Fairly certain I am going to look back and regret the time I have wasted in this life of doing and stressing once all the time has disappeared. The insane complexity of modern life and the fractured sense of peace and equanimity rob me of the gentle breeze that blows across my face, but only if I allow it.
Only if I separate it out. This neurotic drive to get it all done makes me laugh my own naivety. It strikes me hard, often, that I am going to look back when I don’t have mobility anymore and regret that I didn’t take myself off to natural surrounds even more often.
A week ago, during a long paddle, I saw two huge eagles making a nest on the corner of a local river. I was kinda dumbstruck by the enormity of it. Wow, it hit me like a ton of bricks, there is life that is truly living.
These are my teachers. Today I am lost in paperwork, taxes, bills, invoices, like thousands of tiny needles piercing my brain and I long for that bloody river and those teachers. But I have to remind myself that yes, even this is an experience that I will wish I could have again one day.
If only I could be back in that vital body again, the old man would wish. Here I am, right now though, taking the advice of the elderly man that I am not yet. Still in this precious, temporary body brimming with vitality and strength. How fortunate.
It downloads in my brain that we are whipping each other into a type of chaotic trance. Is, busy the measure of the success of life, I wonder? My conditioned brain thinks so but my heart knows differently.
Be alive now, it whispers, be awake here and be present. Yes, even if your body trembles with fear and anxiety.
Yes, be anxious, be frightened, be chaotic, rush and do, but know, watch and observe yourself. Equanimity is around the next corner, only as far away as the awareness that you are stressed is.
There’s something to loving it all and giving up preferences.
As I sit here at this table I can close my eyes and those eagles are dancing in front of me calling me back. Calling me to come out of my thoughts and back to this life. The texture of time changes as you get older, your perception grows, and if you allow it, the reflection brings the golden challis of wisdom rising in your own experience.
The wisdom of the disappearing years and the changing texture brings a message. This will also disappear.So, if not now, when?
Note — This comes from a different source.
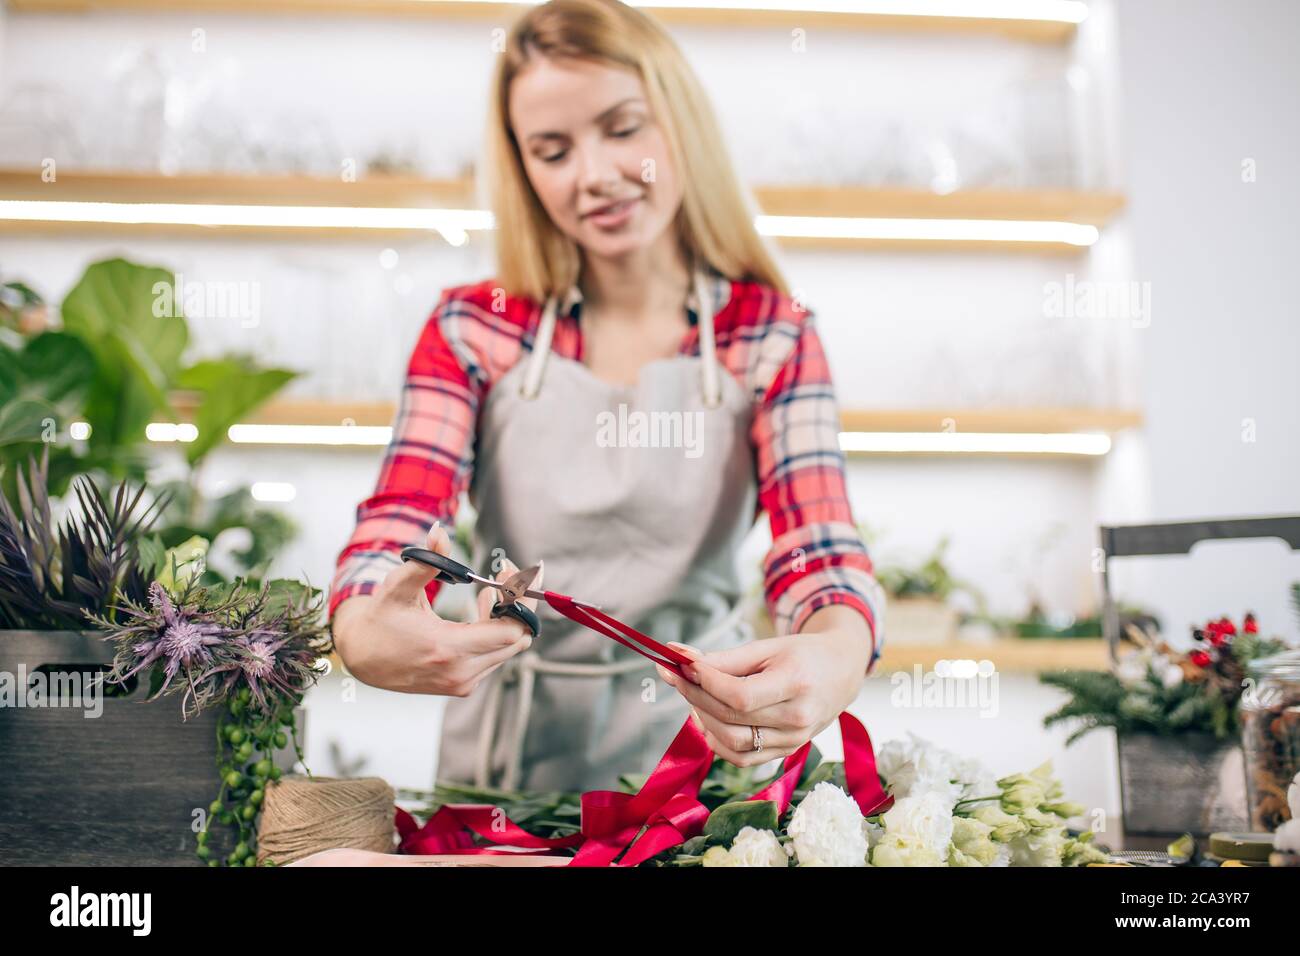 jeune femme caucasienne aux cheveux blonds aiment travailler comme fleuriste, propriétaire attrayant de magasin, jeune jardinier autour des plantes prennent soin des fleurs Banque D'Images

Going to wait for retirement, the so-called golden years? They are all golden!
All precocious, perhaps even more precious are the most difficult years. Spill your heart, you might as well.
This is the moment we should cry tears of sadness and joy, this is the moment our presence should crack like thunder and our kindness should wisely hold.
Be not afraid of the silence and the vulnerability, be who you came here to be. One day soon, it will all evaporate like steam.